Il est, entre autres, question d’adaptation dans le cinéma français d’après-guerre, présenté par Benoit Denis comme « refuge de la droite littéraire ». Montherlant, Morand et Drieu La Rochelle notamment, alors mis au ban par la Résistance, constituent une source d’inspiration majeure pour le cinéma de l’époque, qu’il soit populaire ou associé à la Nouvelle Vague. Communément opposés, Audiard et Truffaut puisent pourtant tous deux dans le discours de la droite littéraire. Ce ne sera qu’à la fin de la guerre d’Algérie, précise Benoit Denis, que le clivage gauche-droite entre ces deux courants cinématographiques se marquera.

C’est de « traduction » ou d’« interprétation » que Jean-Baptiste Baronian choisit de parler pour évoquer L’aîné de Ferchaux. Selon lui, la relecture du singulier roman de Simenon par Melville déterminerait la qualité du film plus que la fidélité à l’œuvre originale.

Préférant l’angle de la réécriture à celui de la relecture, Dick Tomasovic se concentre sur L’assassin habite au 21 de Steeman. Il constate le « double travail de déplacement » effectué par Clouzot : changement de lieu d’abord (de Londres à Paris), de focalisation ensuite (traduit par les mouvements de la caméra subjective).

Adaptations, relectures, réécritures et collaborations, les mots ne manquent pas pour décrire le cinéma de Marguerite Duras. Depuis la première adaptation d’Un barrage contre le Pacifique par René Clément jusqu’à ses propres réalisations (Le camion, India Song, L’homme Atlantique, etc.) en passant par sa collaboration avec Alain Resnais. Danielle Bajomée évoque un cinéma parfois expérimental et toujours attentif « aux silences, aux rythmes, aux pouvoirs de la voix ».

Invité à exprimer son point de vue en tant que réalisateur, Frédéric Fonteyne parle de son rapport au cinéma et à la littérature : « J’ai besoin de la littérature, j’en ai toujours eu besoin. La littérature est toujours un endroit où je retourne pour travailler… ». Il revient sur son adaptation de La femme de Gilles de Madeleine Bourdouxhe et remarque la différence irréductible « entre ce qui est dit et ce qui est montré ».

Éric Rohmer, dont les débuts de carrière furent consacrés à l’écriture, retient l’attention de Patrick Werly.

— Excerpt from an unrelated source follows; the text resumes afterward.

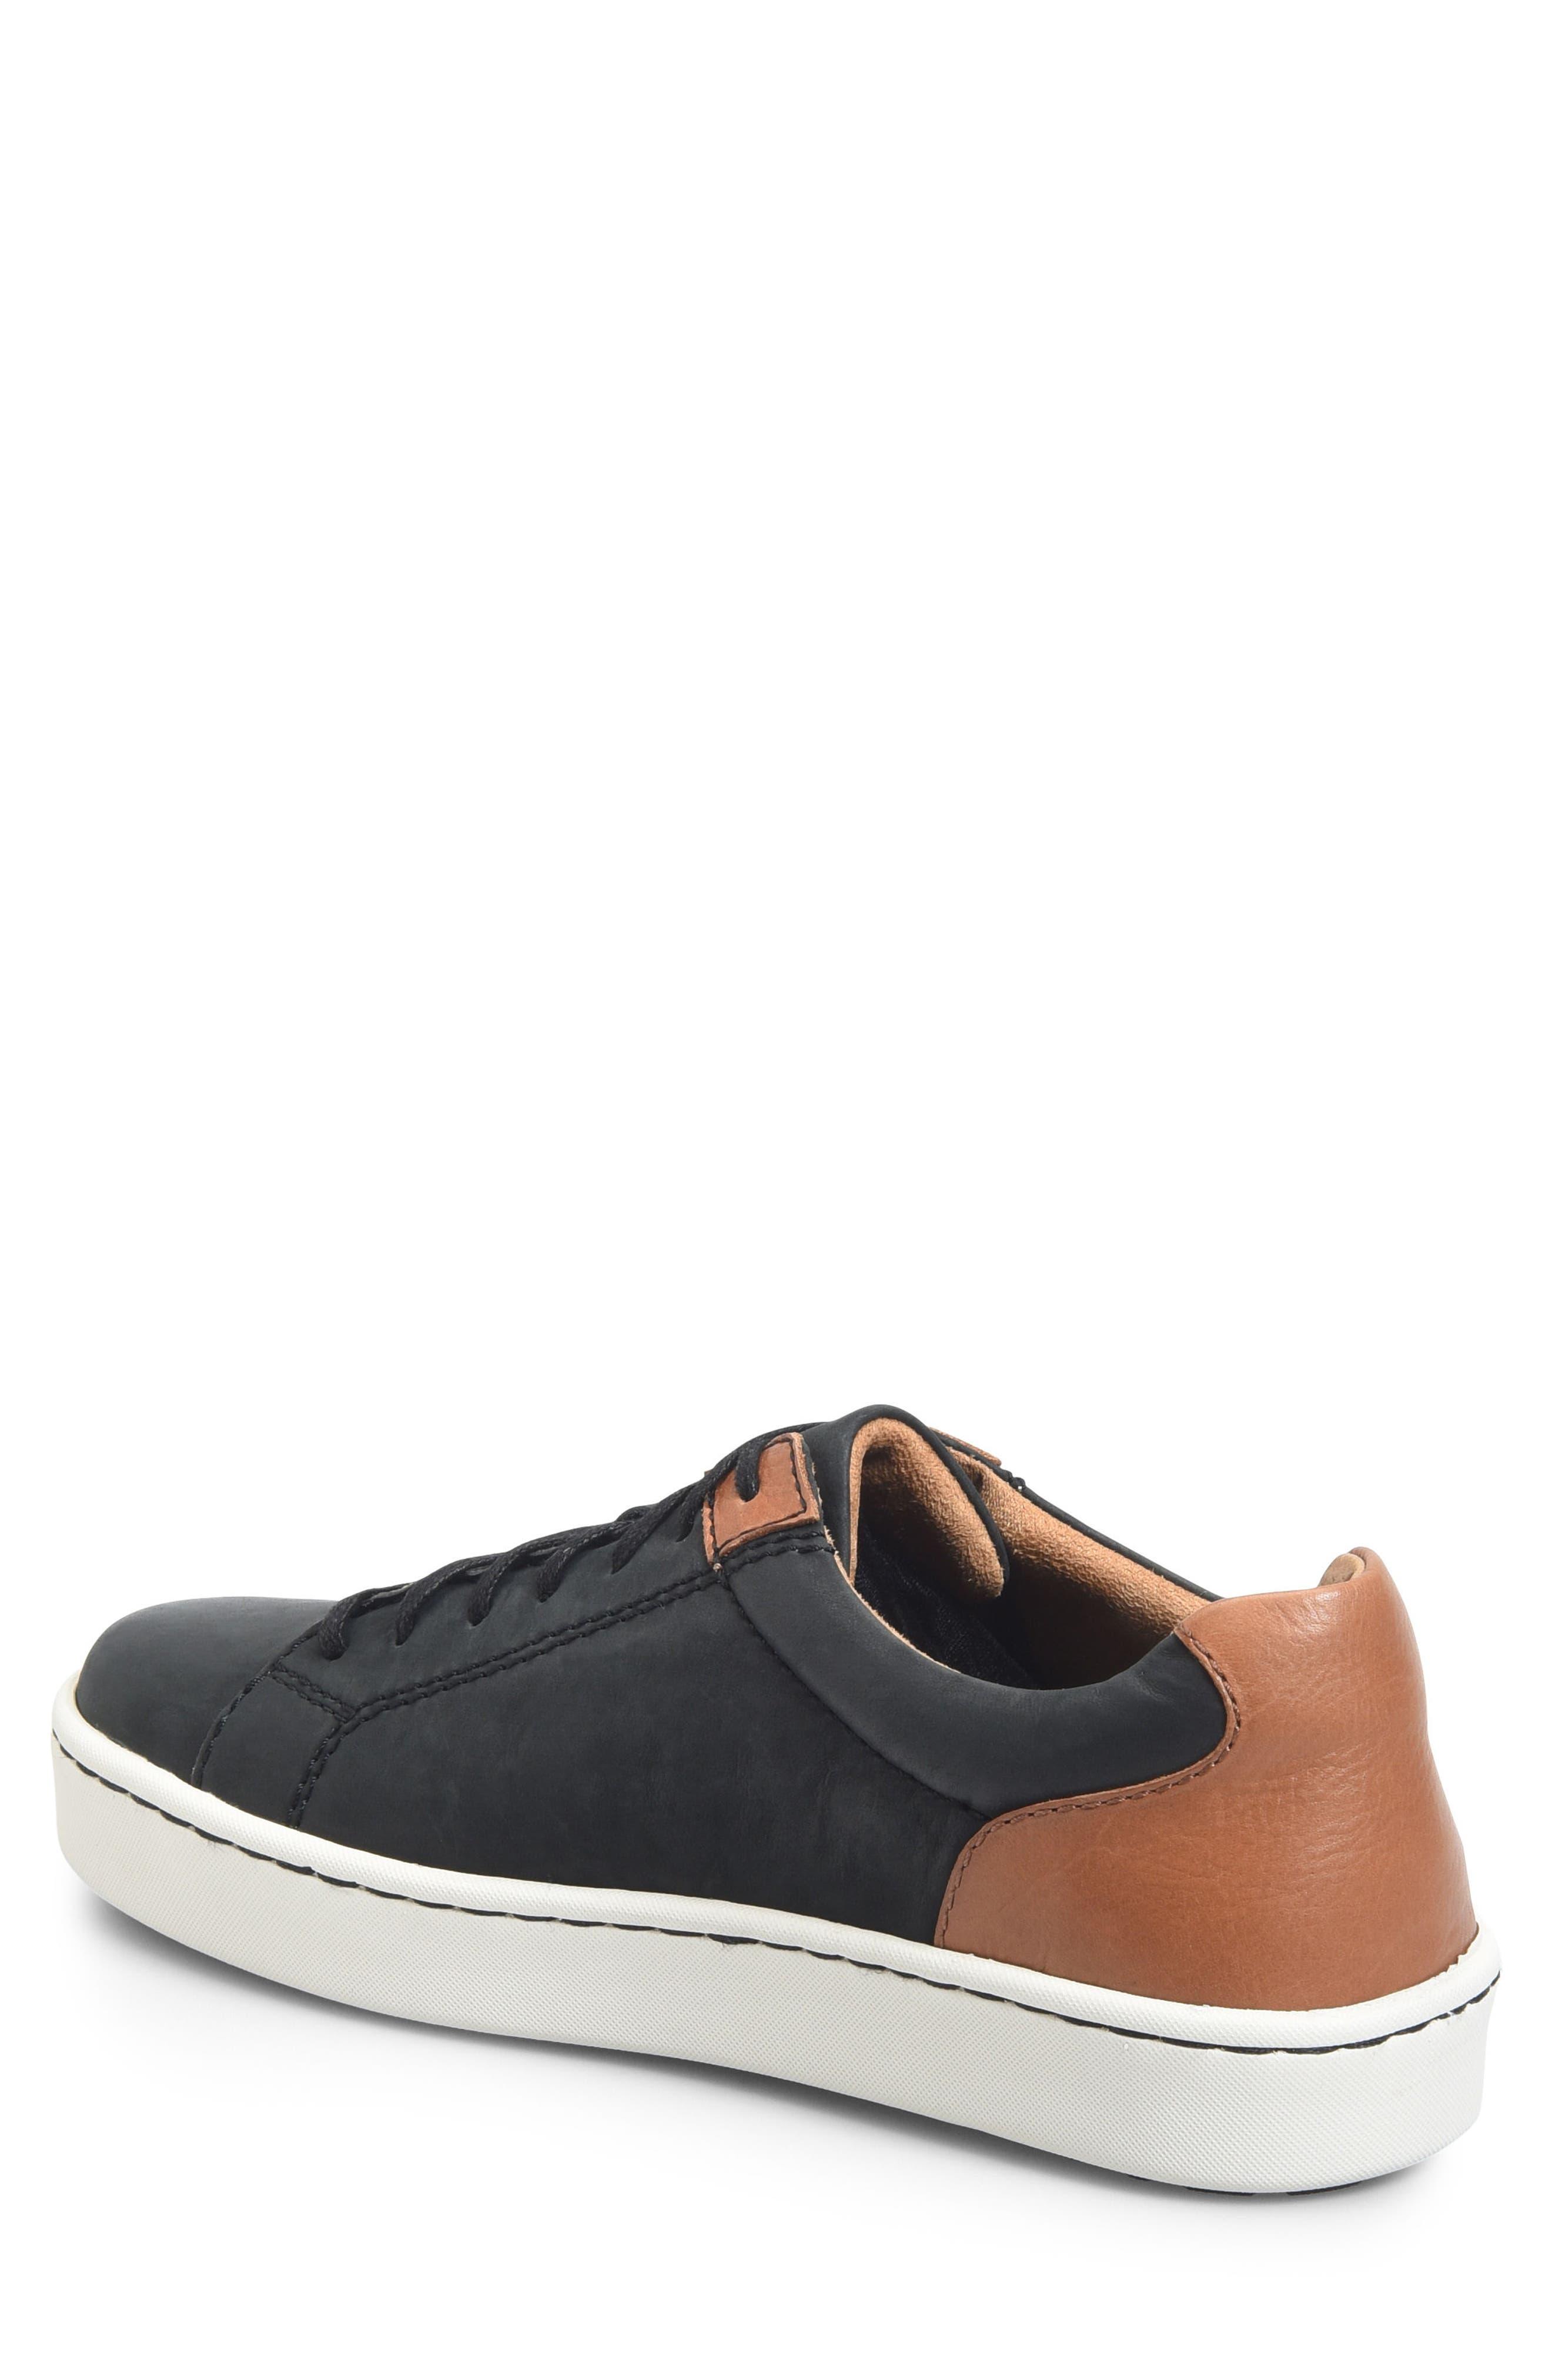 Jib Sneaker,                             Alternate thumbnail 2, color,                             001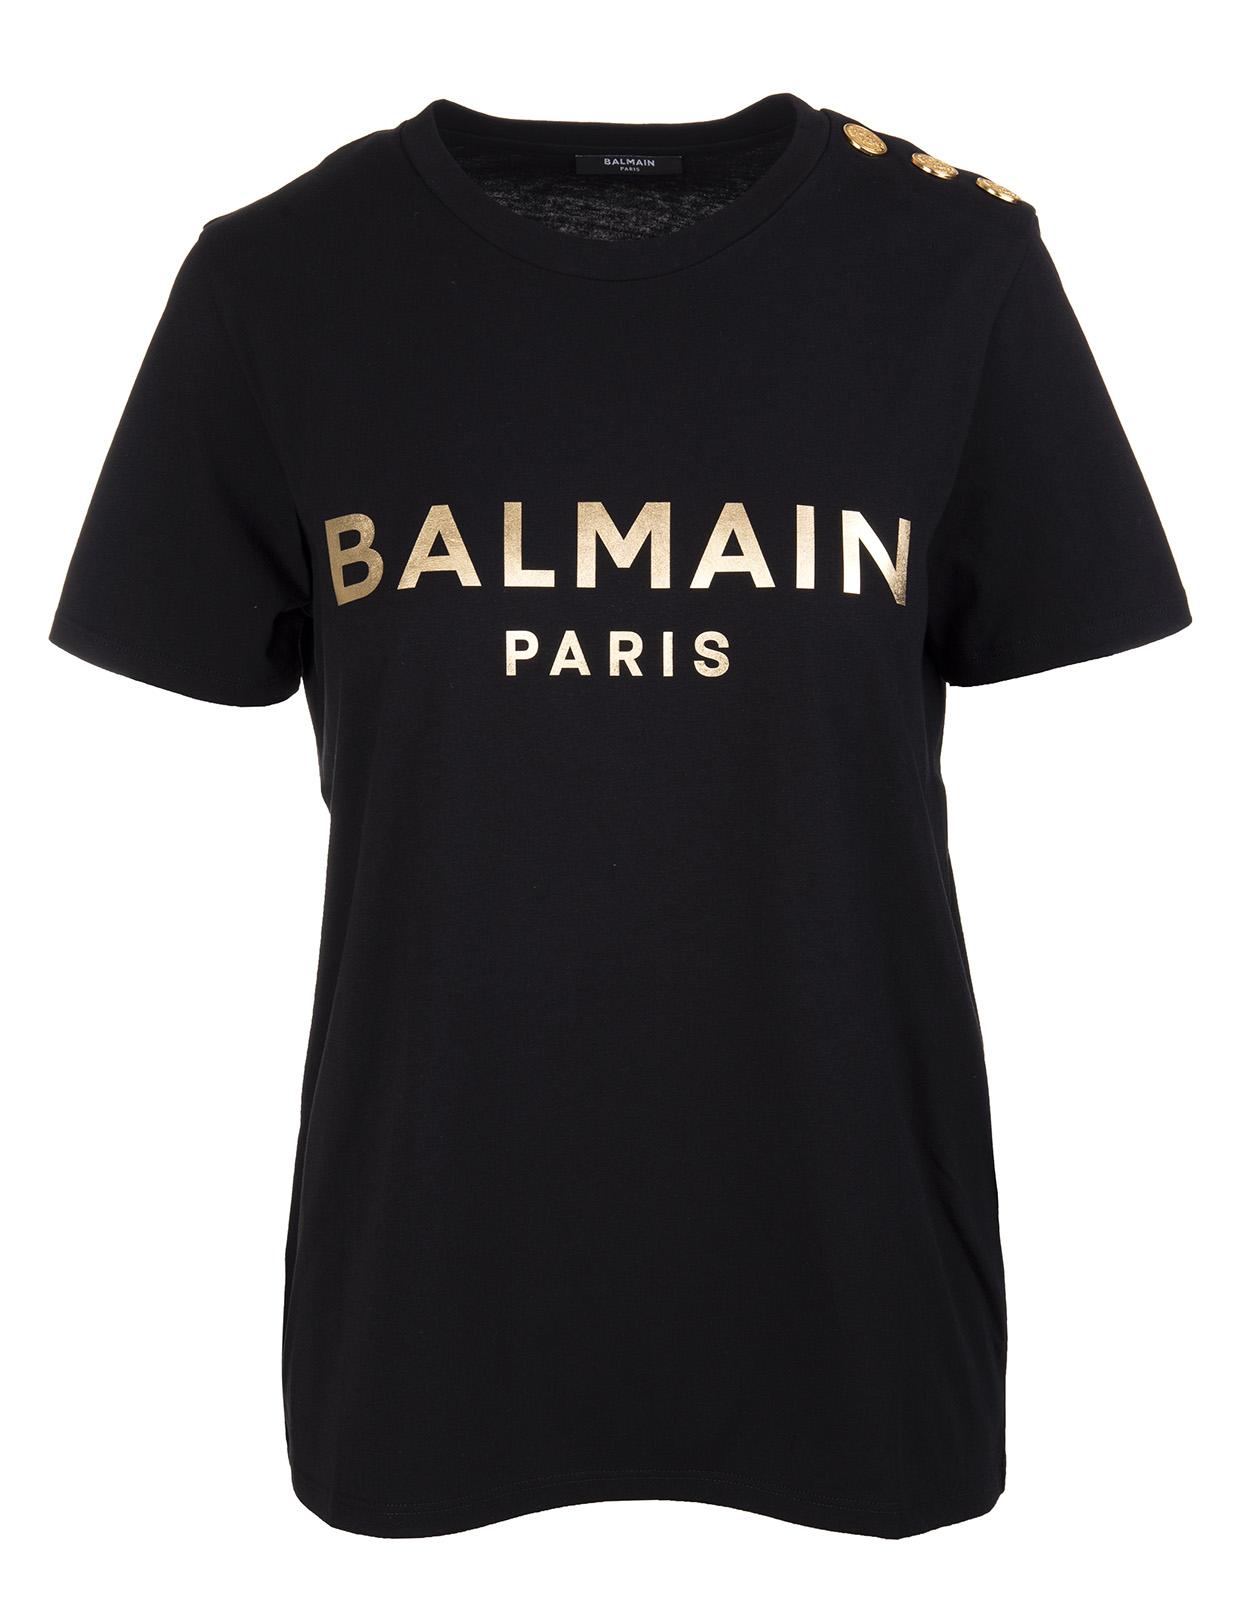 BALMAIN Woman Black and Gold Logo T-Shirt With Buttons

Le genou de Claire occupe une place particulière dans sa très littéraire œuvre cinématographique, puisque s’y trouve développée une réflexion sur l’art du récit et « l’éthique de l’écrivain et de l’artiste. »

Enfin, Adolphe Nysenholc aborde le cinéma de « l’irreprésentable », qui correspondrait à la littérature de l’indicible. Il se concentre sur Nuit et brouillard, Holocaust, Shoah et La liste de Schindler, quatre œuvres cinématographiques très différentes dont les réalisateurs ont pour point commun d’être « aculés à la litote ».

L’histoire des liens entre littérature et cinéma remonte aux prémices du septième art. Cette première séance de l’Académie de langue et littérature françaises de Belgique consacrée au sujet nous rappelle qu’outre le fait qu’elle est néanmoins loin d’être terminée, elle constitue également un sujet de réflexion inépuisable et passionnant.